> _Material for this task_
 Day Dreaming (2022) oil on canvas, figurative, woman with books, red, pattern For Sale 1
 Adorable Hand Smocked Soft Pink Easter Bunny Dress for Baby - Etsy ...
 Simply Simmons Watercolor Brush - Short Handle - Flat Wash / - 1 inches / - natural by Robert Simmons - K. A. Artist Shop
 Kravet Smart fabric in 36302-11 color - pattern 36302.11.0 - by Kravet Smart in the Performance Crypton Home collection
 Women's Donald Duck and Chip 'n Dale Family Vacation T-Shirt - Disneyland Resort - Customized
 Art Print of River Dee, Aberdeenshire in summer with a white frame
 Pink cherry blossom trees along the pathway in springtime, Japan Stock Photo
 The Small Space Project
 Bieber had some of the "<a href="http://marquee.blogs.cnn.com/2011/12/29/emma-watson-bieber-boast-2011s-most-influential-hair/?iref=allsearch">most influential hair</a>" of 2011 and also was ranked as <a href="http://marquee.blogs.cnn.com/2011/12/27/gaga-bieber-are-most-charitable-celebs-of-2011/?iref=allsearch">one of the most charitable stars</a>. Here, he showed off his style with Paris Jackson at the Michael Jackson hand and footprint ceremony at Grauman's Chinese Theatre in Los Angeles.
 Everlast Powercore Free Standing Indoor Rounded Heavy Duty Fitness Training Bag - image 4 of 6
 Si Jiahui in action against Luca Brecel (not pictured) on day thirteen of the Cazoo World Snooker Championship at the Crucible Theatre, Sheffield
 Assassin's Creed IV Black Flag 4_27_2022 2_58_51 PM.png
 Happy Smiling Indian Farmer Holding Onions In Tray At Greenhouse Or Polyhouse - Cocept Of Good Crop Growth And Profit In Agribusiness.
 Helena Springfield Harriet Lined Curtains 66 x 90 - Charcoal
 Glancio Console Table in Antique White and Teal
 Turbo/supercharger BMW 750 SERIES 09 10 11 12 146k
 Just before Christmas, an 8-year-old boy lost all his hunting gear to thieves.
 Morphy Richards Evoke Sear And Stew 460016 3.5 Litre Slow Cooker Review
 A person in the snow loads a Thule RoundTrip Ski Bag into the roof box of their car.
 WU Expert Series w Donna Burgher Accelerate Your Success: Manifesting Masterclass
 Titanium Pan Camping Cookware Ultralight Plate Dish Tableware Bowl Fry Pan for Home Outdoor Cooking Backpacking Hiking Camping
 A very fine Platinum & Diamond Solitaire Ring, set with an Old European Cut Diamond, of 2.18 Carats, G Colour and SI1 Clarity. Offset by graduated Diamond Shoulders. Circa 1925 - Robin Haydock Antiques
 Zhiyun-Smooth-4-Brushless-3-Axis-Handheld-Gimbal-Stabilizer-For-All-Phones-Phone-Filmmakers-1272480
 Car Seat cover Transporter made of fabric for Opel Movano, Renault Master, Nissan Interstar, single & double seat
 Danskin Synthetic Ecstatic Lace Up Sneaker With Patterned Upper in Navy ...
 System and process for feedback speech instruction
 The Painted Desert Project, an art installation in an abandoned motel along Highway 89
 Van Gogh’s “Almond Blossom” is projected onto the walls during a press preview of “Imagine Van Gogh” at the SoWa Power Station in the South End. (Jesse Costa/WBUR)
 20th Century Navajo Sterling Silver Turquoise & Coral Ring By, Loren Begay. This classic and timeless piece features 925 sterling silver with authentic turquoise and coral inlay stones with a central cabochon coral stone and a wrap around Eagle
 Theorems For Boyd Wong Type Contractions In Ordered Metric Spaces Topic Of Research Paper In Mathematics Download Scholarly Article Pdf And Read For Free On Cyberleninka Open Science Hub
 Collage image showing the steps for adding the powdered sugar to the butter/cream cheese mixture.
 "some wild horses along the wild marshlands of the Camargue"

> _Assignment_
Your answer should be the lines above, from the line containing "Morphy Richards Evoke" up to and including the line containing "A very fine", reproduced exactly and with nothing else.

> _Expected answer_
 Morphy Richards Evoke Sear And Stew 460016 3.5 Litre Slow Cooker Review
 A person in the snow loads a Thule RoundTrip Ski Bag into the roof box of their car.
 WU Expert Series w Donna Burgher Accelerate Your Success: Manifesting Masterclass
 Titanium Pan Camping Cookware Ultralight Plate Dish Tableware Bowl Fry Pan for Home Outdoor Cooking Backpacking Hiking Camping
 A very fine Platinum & Diamond Solitaire Ring, set with an Old European Cut Diamond, of 2.18 Carats, G Colour and SI1 Clarity. Offset by graduated Diamond Shoulders. Circa 1925 - Robin Haydock Antiques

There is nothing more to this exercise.